Exercise: Give back the whole listing verbatim, printing none of its pictures.

Given data:

————————

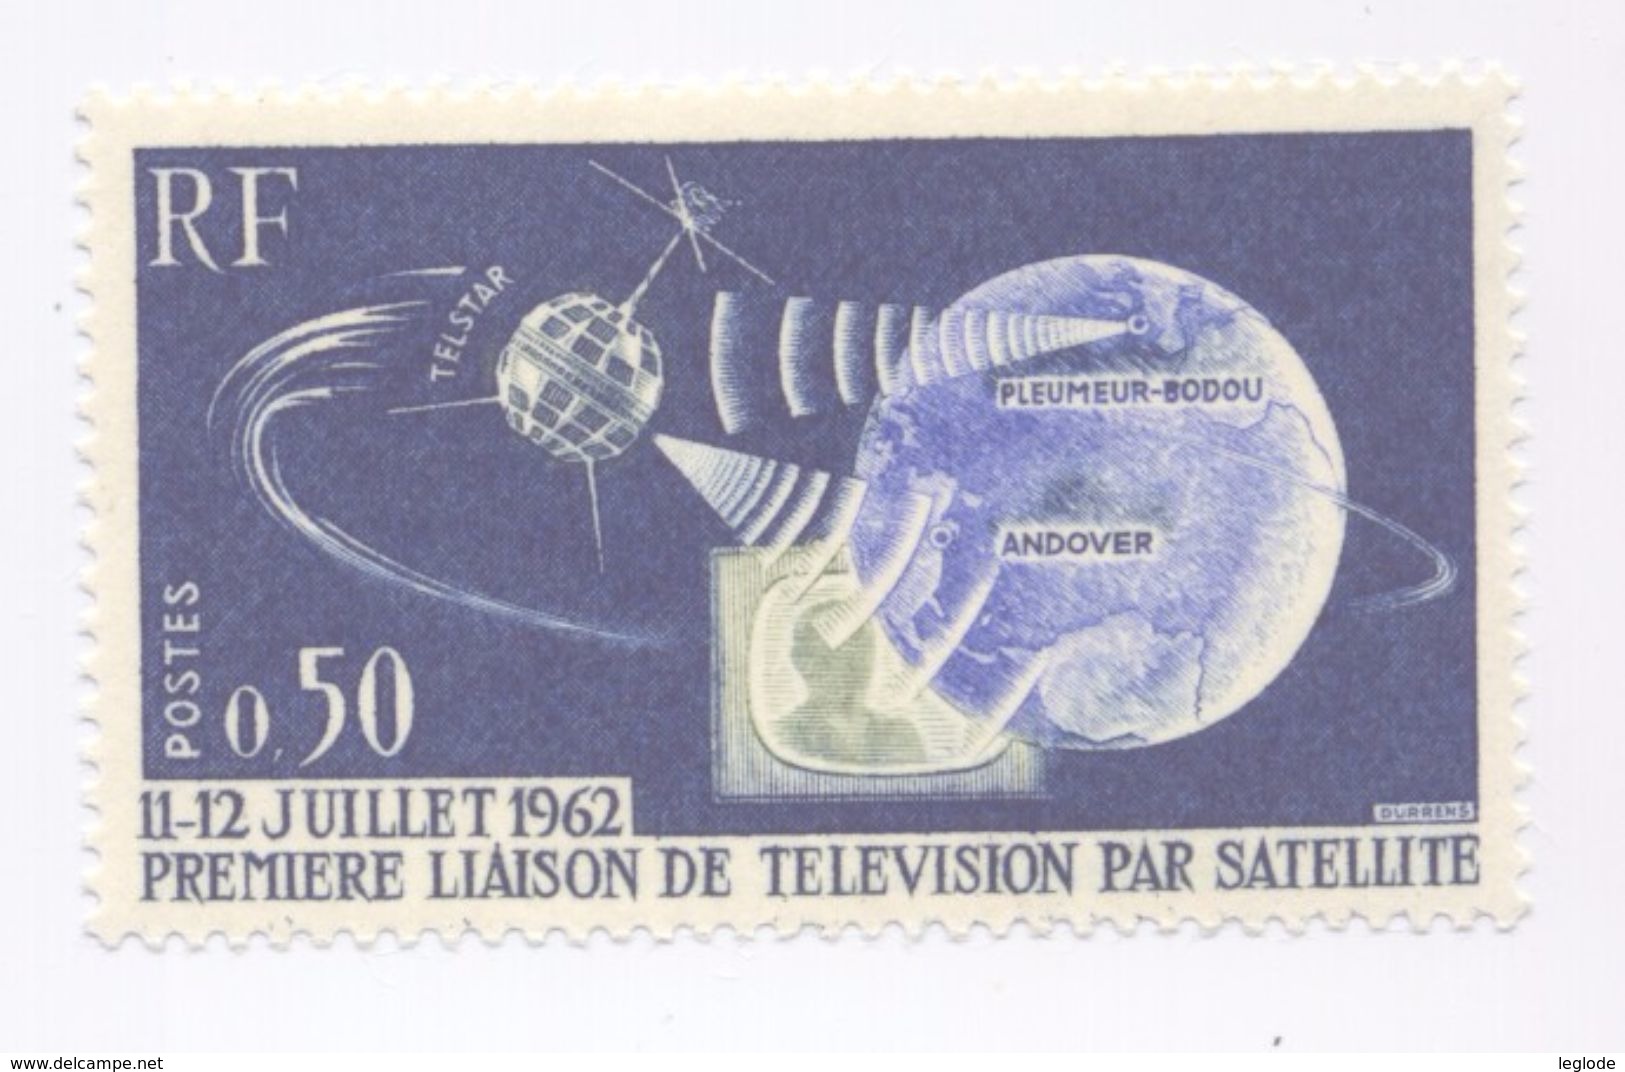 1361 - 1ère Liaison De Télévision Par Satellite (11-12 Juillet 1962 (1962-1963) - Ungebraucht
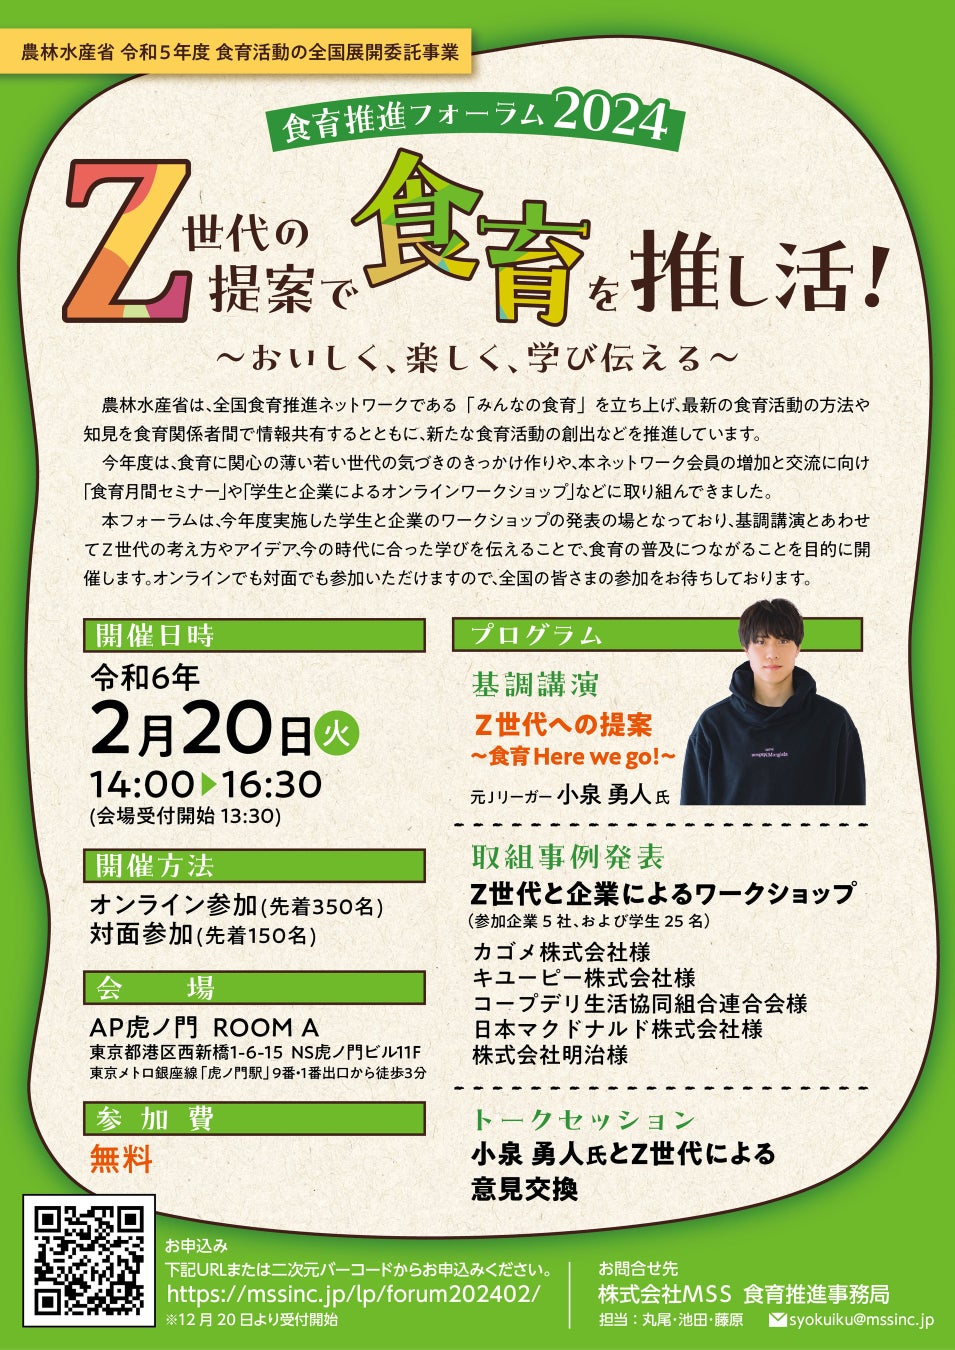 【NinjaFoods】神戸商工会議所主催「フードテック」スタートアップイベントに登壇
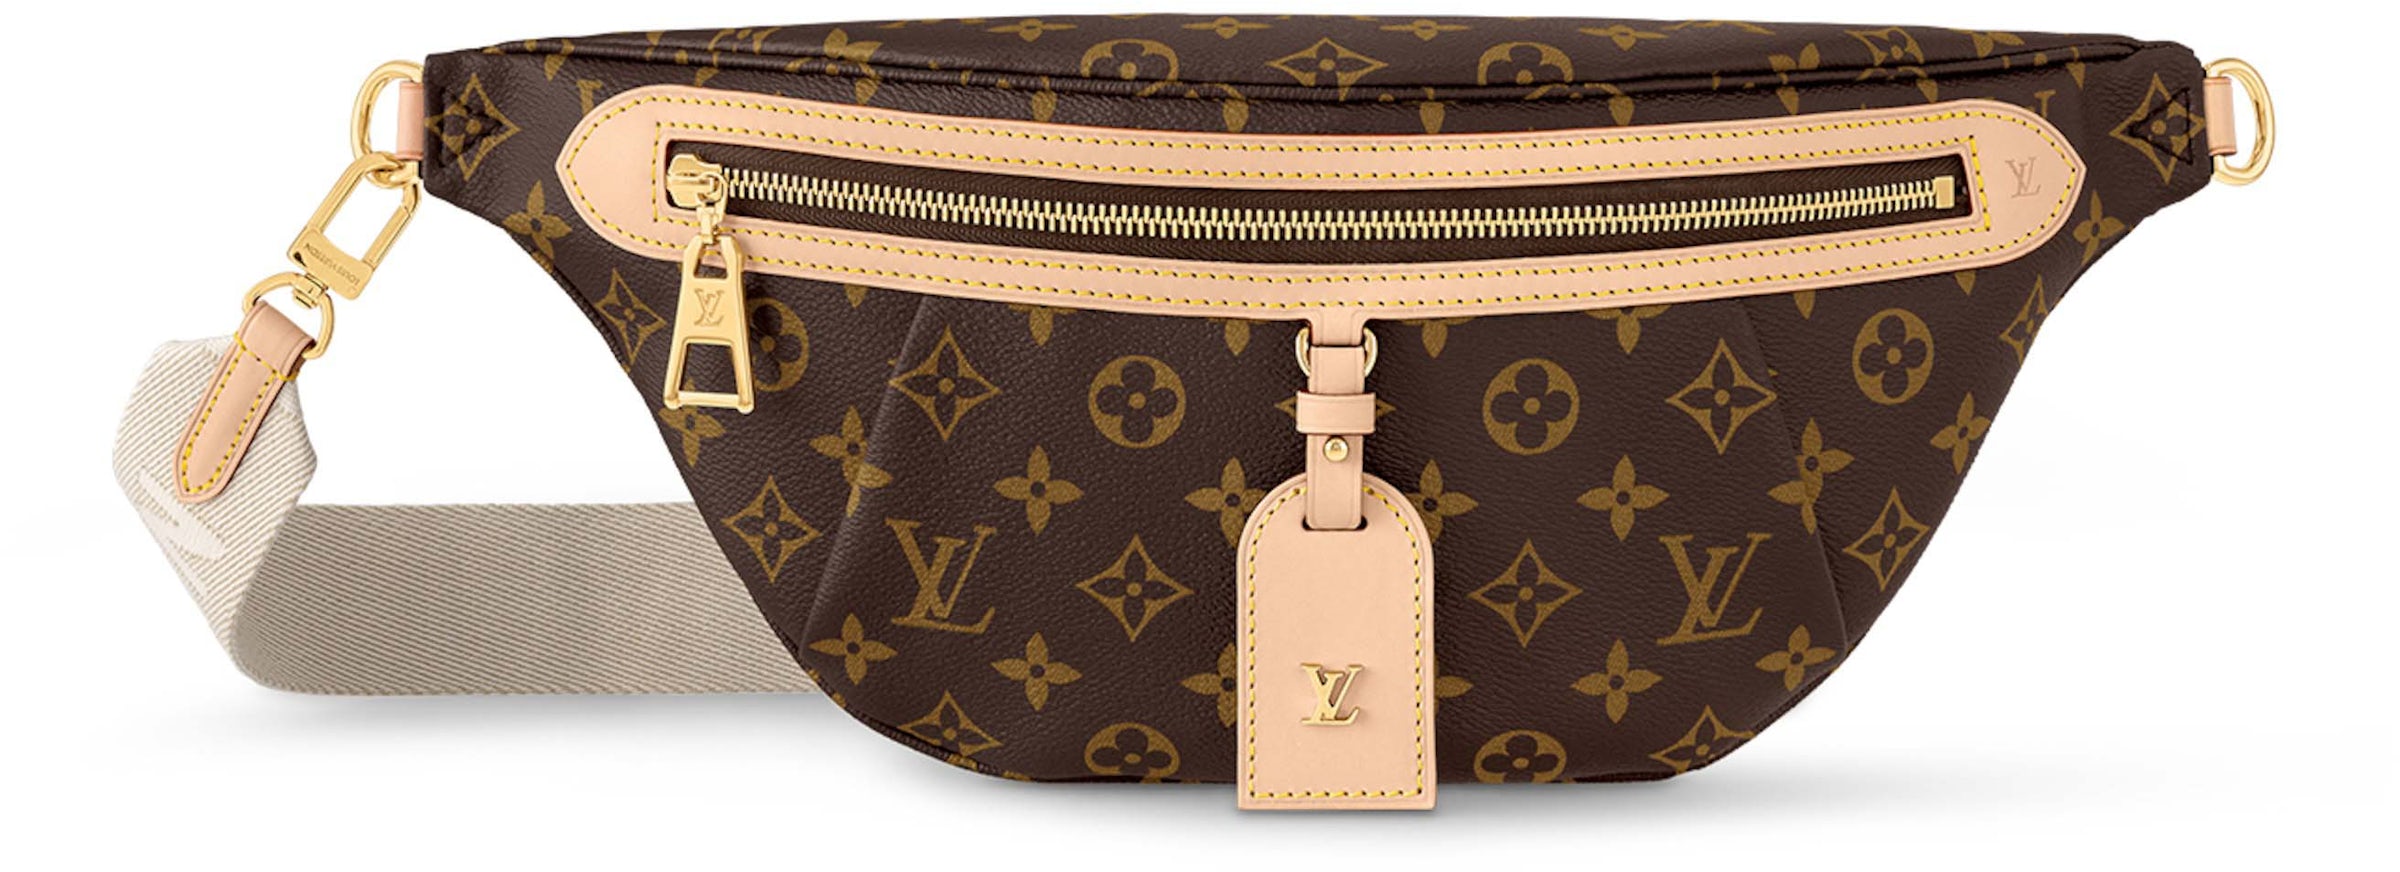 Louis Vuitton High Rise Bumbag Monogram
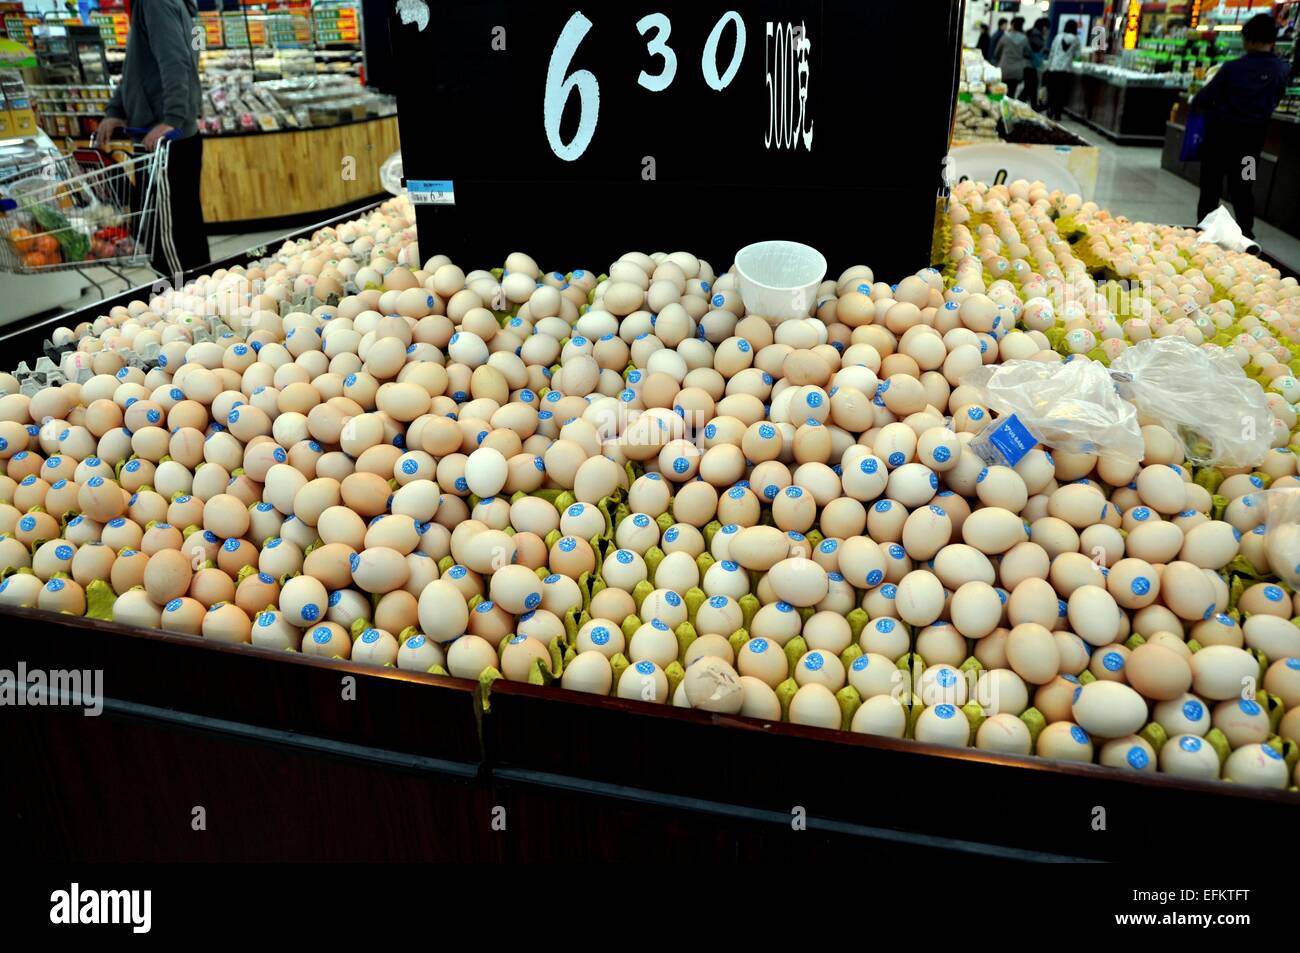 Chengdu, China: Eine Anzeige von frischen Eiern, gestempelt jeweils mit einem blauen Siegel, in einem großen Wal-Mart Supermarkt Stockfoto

————————

Exercise response:
 1361 - 1ère Liaison De Télévision Par Satellite (11-12 Juillet 1962 (1962-1963) - Ungebraucht
 【NinjaFoods】神戸商工会議所主催「フードテック」スタートアップイベントに登壇
 Louis Vuitton High Rise Bumbag Monogram
 Chengdu, China: Eine Anzeige von frischen Eiern, gestempelt jeweils mit einem blauen Siegel, in einem großen Wal-Mart Supermarkt Stockfoto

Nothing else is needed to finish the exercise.